8 visualization in R with ggplot
In the last chapter, we introduced data visualization, citing “vision-aries” including Edward Tufte and Hans Rosling, inspired works such as Minard’s Carte Figurative and Periscopic’s stolen years, as well as a few cautionary tales of misleading and confusing graphs.
Here, in playing with and learning the R package ggplot, we begin to move from consumers to creators of data visualizations.
As the first visualization in (Wickham, Çetinkaya-Rundel, and Grolemund 2023) reminds us, data visualization is at the core of exploratory data analysis:
In the world of data science, statistical programming is about discovering and communicating truths within your data. This exploratory data analysis is the corner of science, particularly at a time in which confirmatory studies are increasingly found to be unreproducible.
Most of your reading will be from Chapter 1 of (Wickham, Çetinkaya-Rundel, and Grolemund 2023), this is intended only as a supplement.
8.1 a picture > (words, numbers)?
The chapter begins with a quote from John Tukey about the importance of graphs. Yet there is a tendency among some statisticians and scientists to discount graphs, to consider graphic representations of data as less valuable than statistical ones. It is true that, because there are many ways to graph data, and because scientists and data journalists are humans with pre-existing beliefs and values, a graphical displays should not be assumed to simply depict a singular reality. But the same can be said about statistical analyses (see Chapter 9).

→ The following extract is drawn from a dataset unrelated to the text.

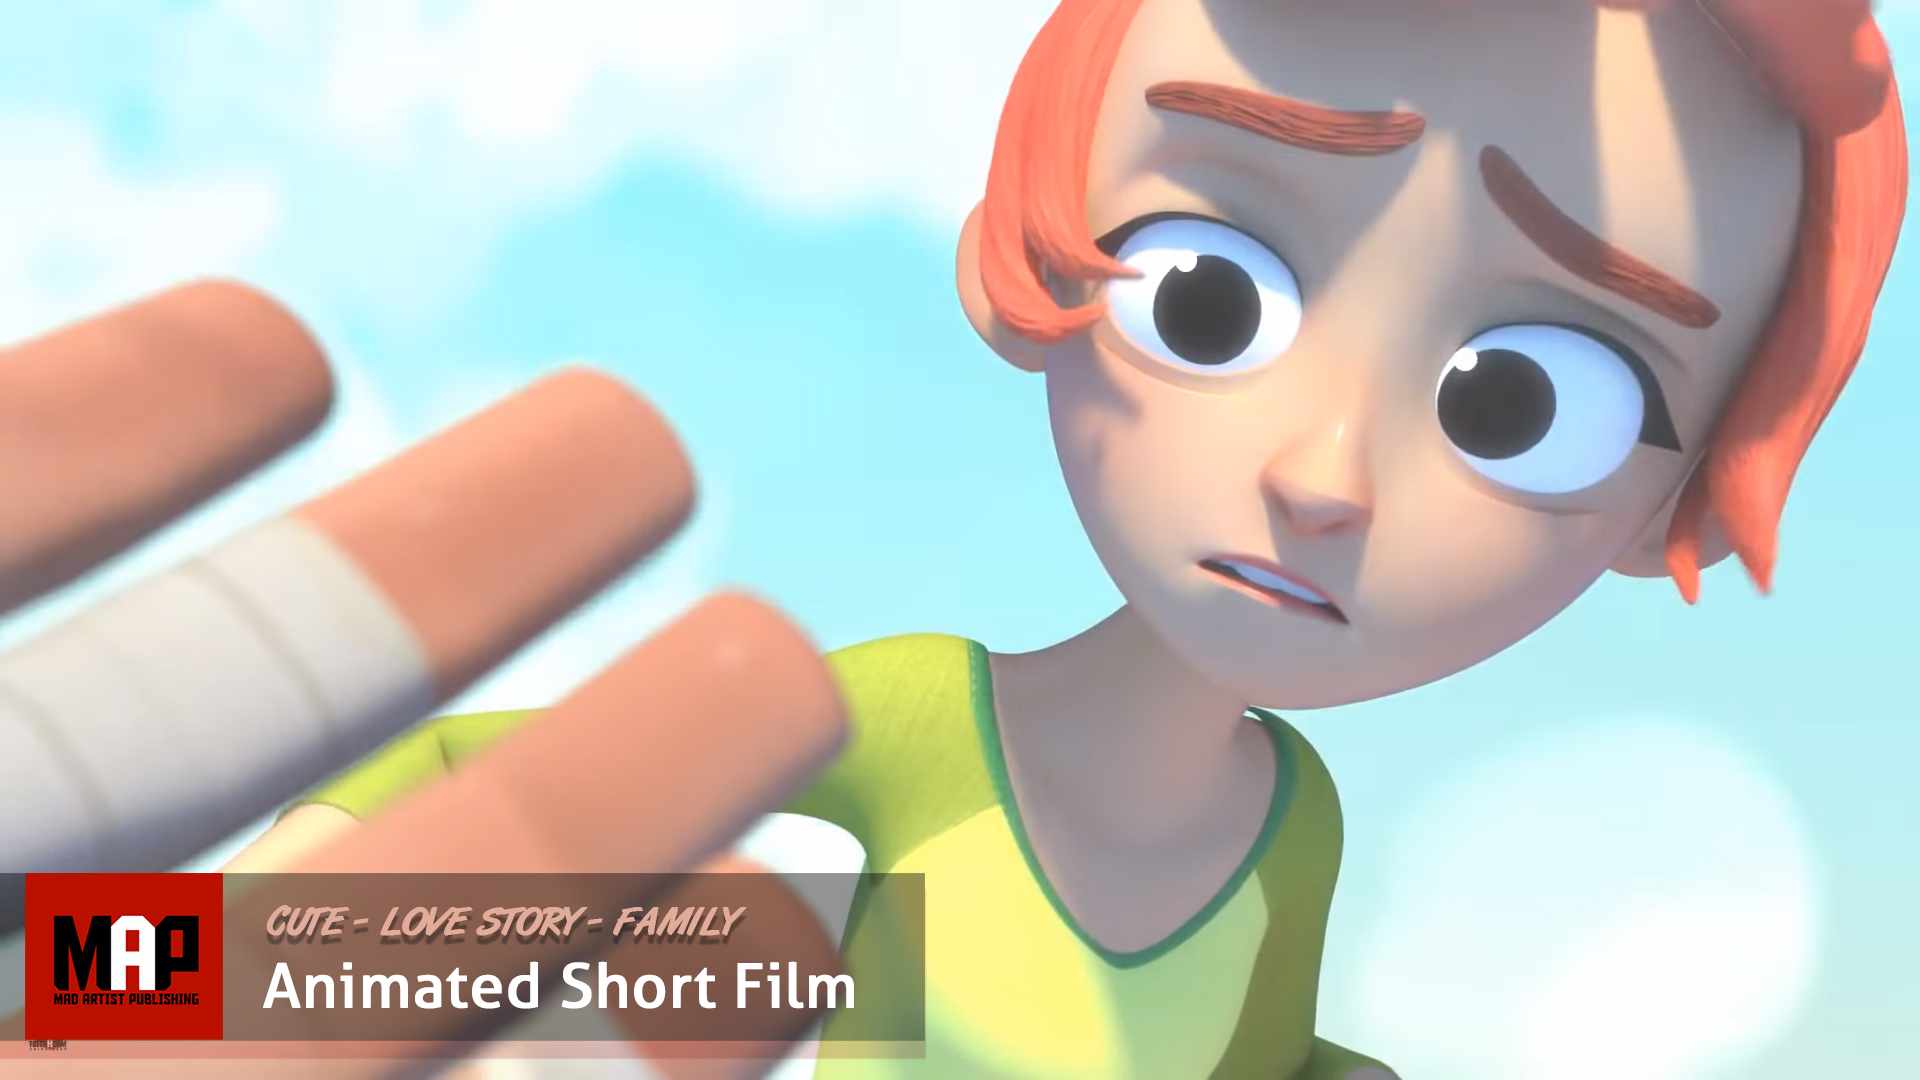 CGI 3D Animated Short Film ** JINXY JENKINS & LUCY ** Cute Romantic Animation Love Story by Ringling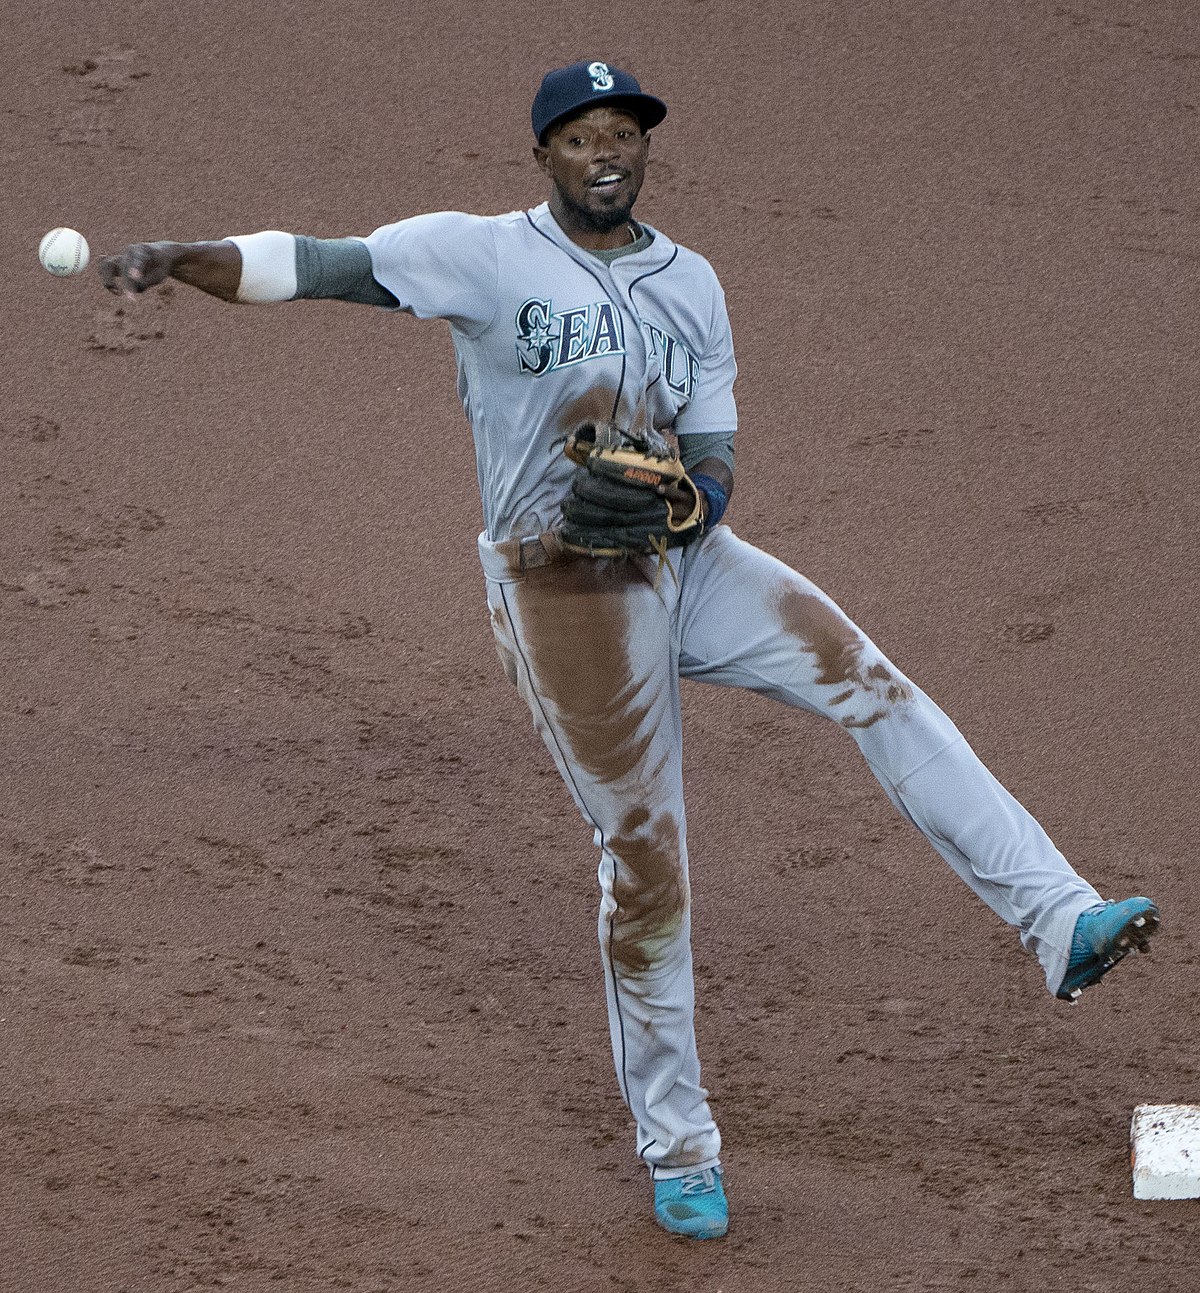 Report: Cubs signing Dee Strange-Gordon to minor-league deal

To consider the value of statistical versus graphical displays, consider ‘Anscombe’s quartet’ (screenshot below, live at http://bit.ly/anscombe2019):
Exercise 8_1 Consider the spreadsheet chunk presented above, which I am characterizing as data collected on a sample of ten primary school children at recess on four consecutive days. Working with your classmates, compute the mean, standard deviation, and correlation between the two measures for one day. Share your results with the class.
The four pairs of variables in (Anscombe 1973) appear statistically “the same,” yet the data suggest something else. Additional examples of the problem of relying on simple statistics, in particular correlation coefficients, are considered in the first chapter of Healy (2017). Perhaps graphs can reveal truths that statistics can hide.
Exercise 8_2 The Anscombe data is included in base R
as a library in R. Can you find, load, and explore it?
8.2 Read Wickham’s opening chapter
In class, we will review and recreate the plots in section 1.2 of (Wickham, Çetinkaya-Rundel, and Grolemund 2023) and exercises in 1.2.5 and 1.4.3 and 1.5.5
Savor this section: Read slowly, and play around with the RStudio interface. For example, read about the mpg data in the ‘help’ panel, pull up the mpg data in a view window, and sort through it by clicking on various columns.
8.3 explore
Try to make a cool graph - one that informs the viewer, and, to paraphrase Tukey, helps us see what we don’t expect.
Try several different displays. Which fail? Which succeed? Be prepared to share your efforts.
Remember the 15 minute rule, and don’t be afraid to screw up. Each mistake you wisdom.
8.3.0.1 some sources
The Datacamp ggplot course https://app.datacamp.com/learn/courses/introduction-to-data-visualization-with-ggplot2
The Gapminder data https://cran.r-project.org/web/packages/gapminder/readme/README.html
A graph in The Economist. Here, Andrew Couch, host of the “Tidy Tuesday” podcast, walks through the recreation of a fairly complex plot from The Economist. Follow along, beginning with the links to GitHub https://youtu.be/gcDQ_KbXQ3o?si=wFadvTi886hQm6H-
For another example of an Economist-style visualization, there is also this analysis of Global Terrorism Data from Rpubs: https://rpubs.com/tangerine/economist-plot. (This appears to be a student assignment). As with the ’movies” data described in an earlier project, the link to the data is no longer valid. To access it, you can establish an account on Kaggle (which links to older data) and/or the global terrorism database at the University of Maryland.